Almost forgotten in the nuclear debate is the goal of making more transparent the entire Chinese nuclear enterprise as well as highlighting the Chinese nuclear proliferation history. As Tom Reed, President Reagan’s deputy national security adviser writes in The Nuclear Express, China made an explicit decision in 1982 to export nuclear weapons technology to Pakistan directly and indirectly to Iran, Libya, North Korea and Iraq largely through the creation of what I have referred to as the Pakistani “Nukes ‘R Us” A.Q. Khan nuclear network.

In short, the disarmament community supports Russia, China, and North Korea keeping, and Iran pursuing, nuclear weapons that will make any aggression on their parts much harder to deter. Meanwhile the USA must dismantle huge swaths of its nuclear arsenal, which is internationally recognized as keeping the peace. It is not just the objectives of the disarmament community that are concerning here: It is the entire thought process on which these objectives rest.

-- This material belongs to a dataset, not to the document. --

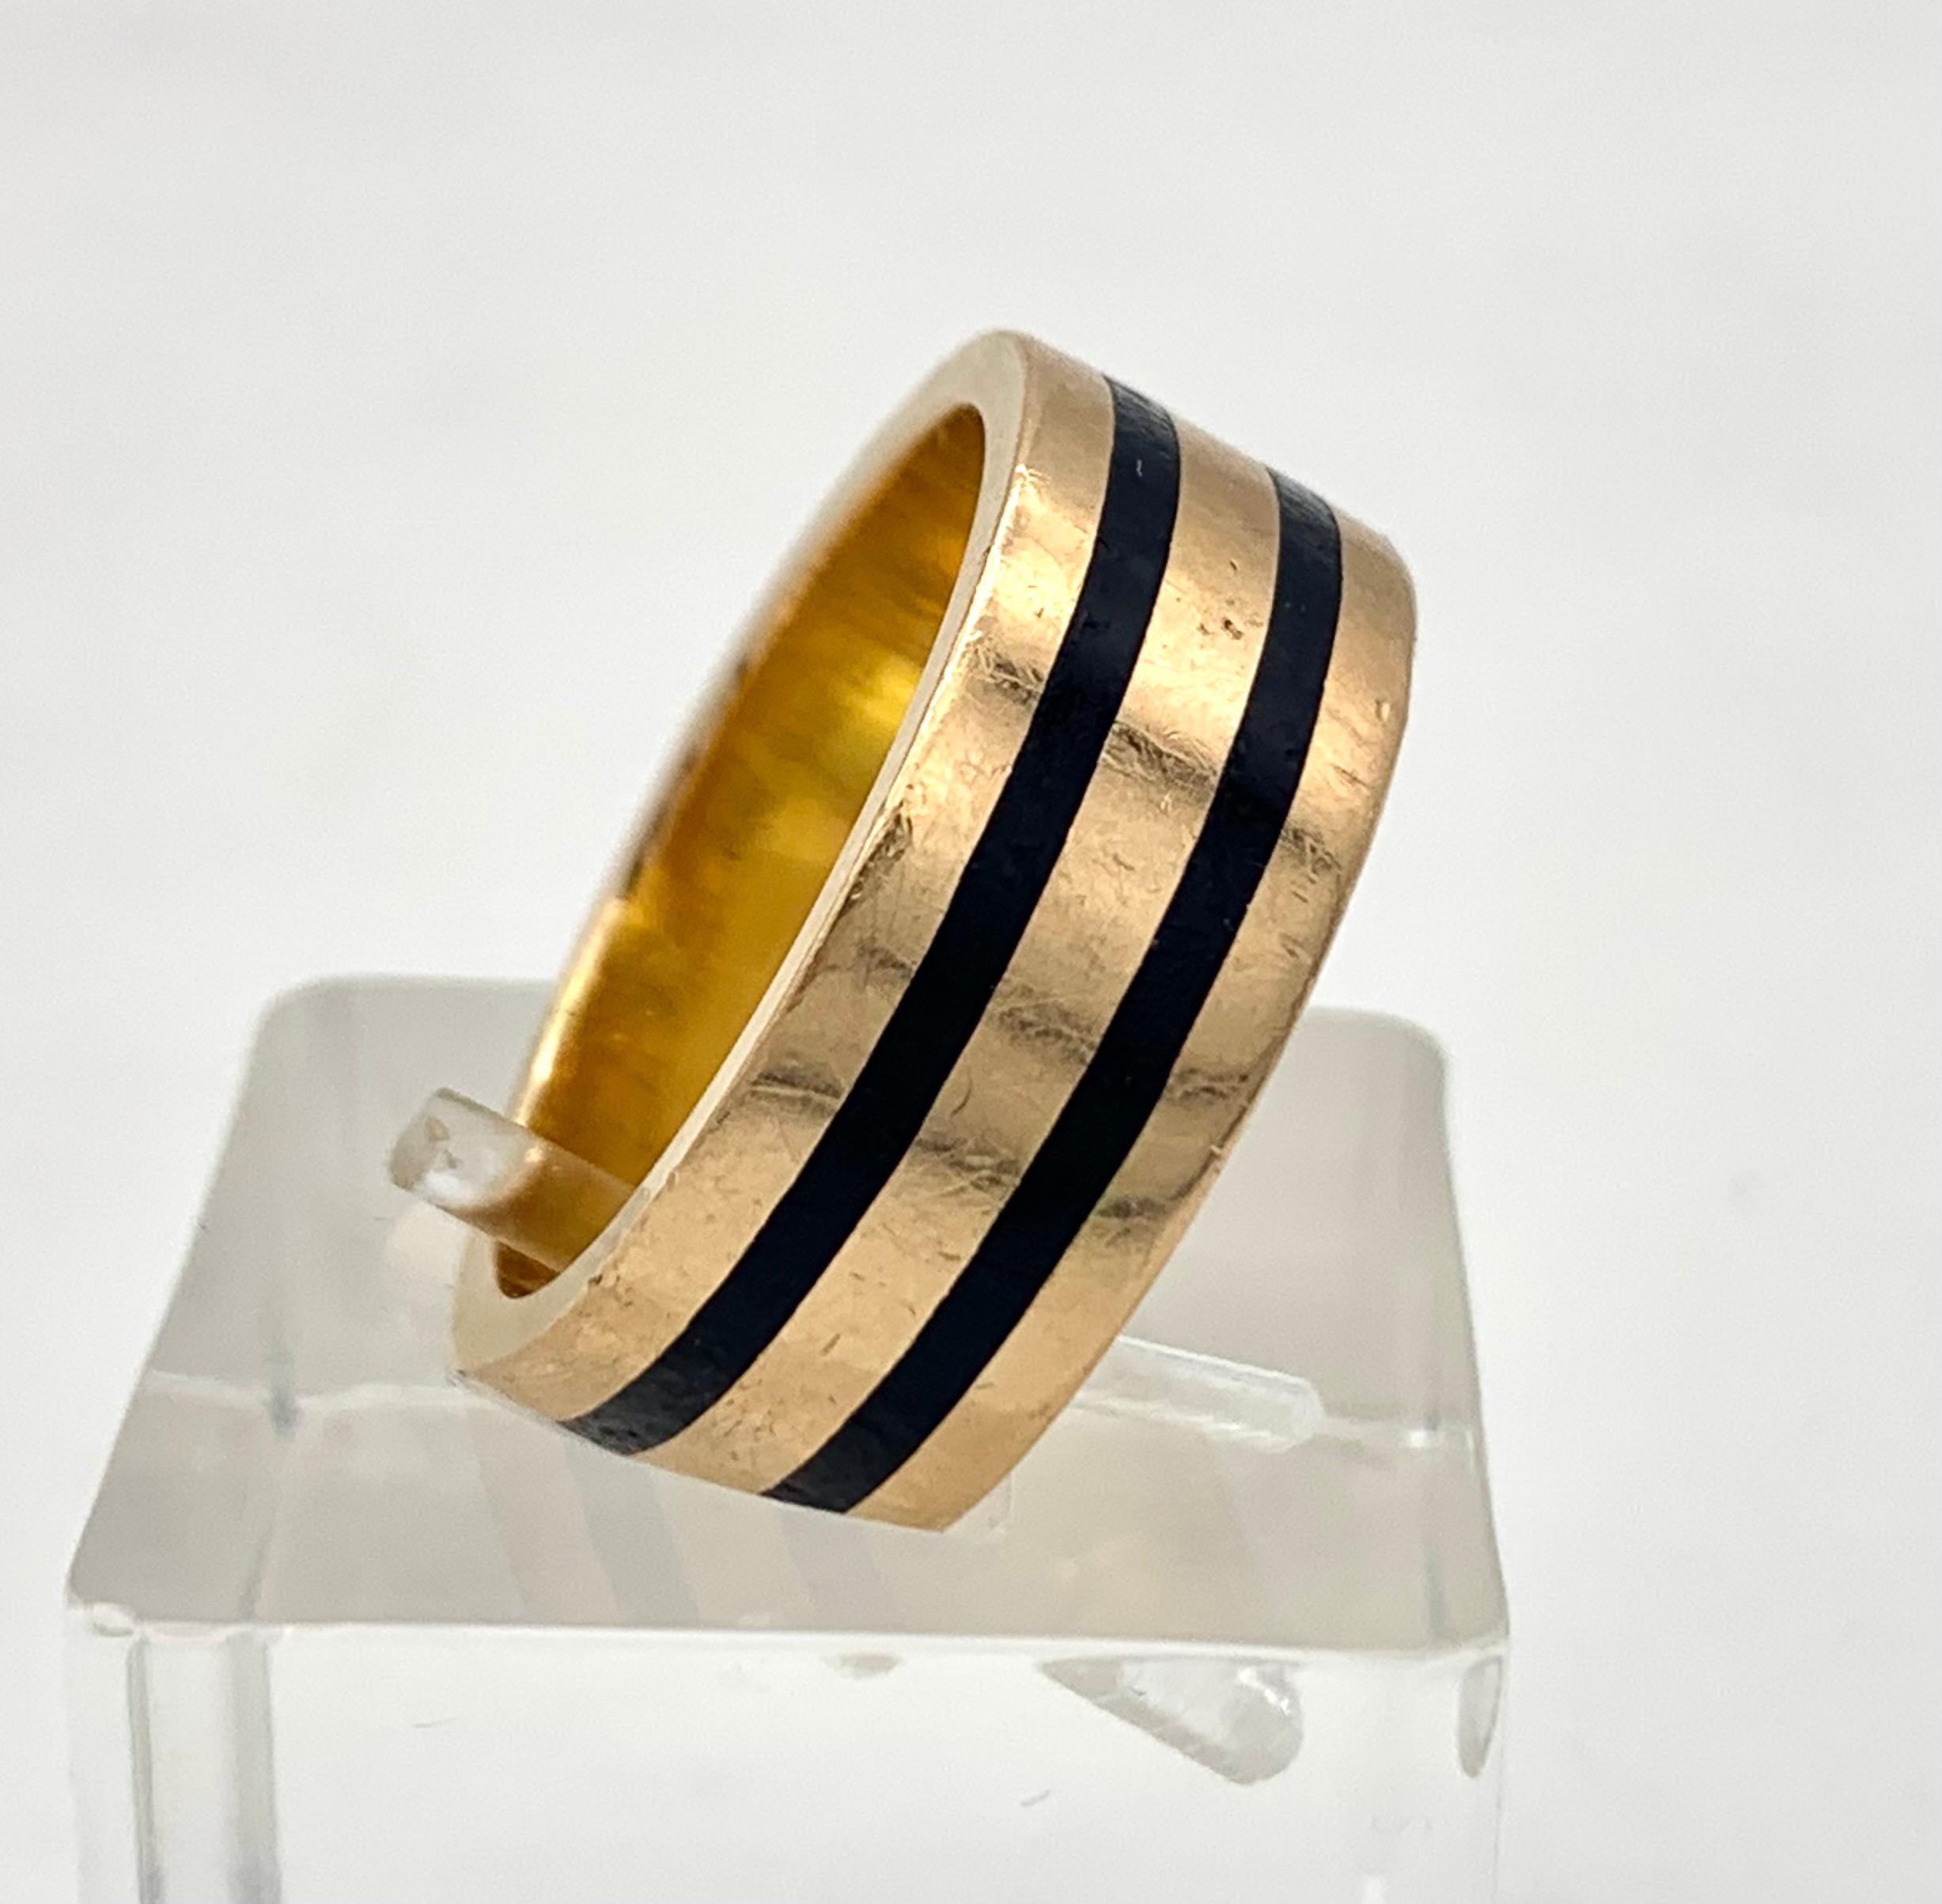 Dieser elegante Ring aus massivem Gold und Emaille wurde um 1880 in Handarbeit aus 15 Karat Gold hergestellt. Mit seinen zwei schmalen emaillierten Linien ist er von modernistischer Eleganz. Der Ring trägt auf der Innenseite eine Inschrift:

What would be a better set of objectives? Apart from pursuing a nuclear-free Korean Peninsula and stopping Iran’s continued pursuit of nuclear weapons and long-range missiles, the United States should secure the full modernization of our nuclear deterrent. That must include 400 GBSD land-based missiles, 12 Columbia-class submarines, and 60 strategic bombers with both nuclear cruise missiles and gravity bombs.

President Reagan’s watchword of “Peace through Strength” was not just a slogan. It described a policy that worked. Unilateral restraint and appeasement does not. That is a lesson of the Cold War and a sound foundation on which to rest America’s security strategy.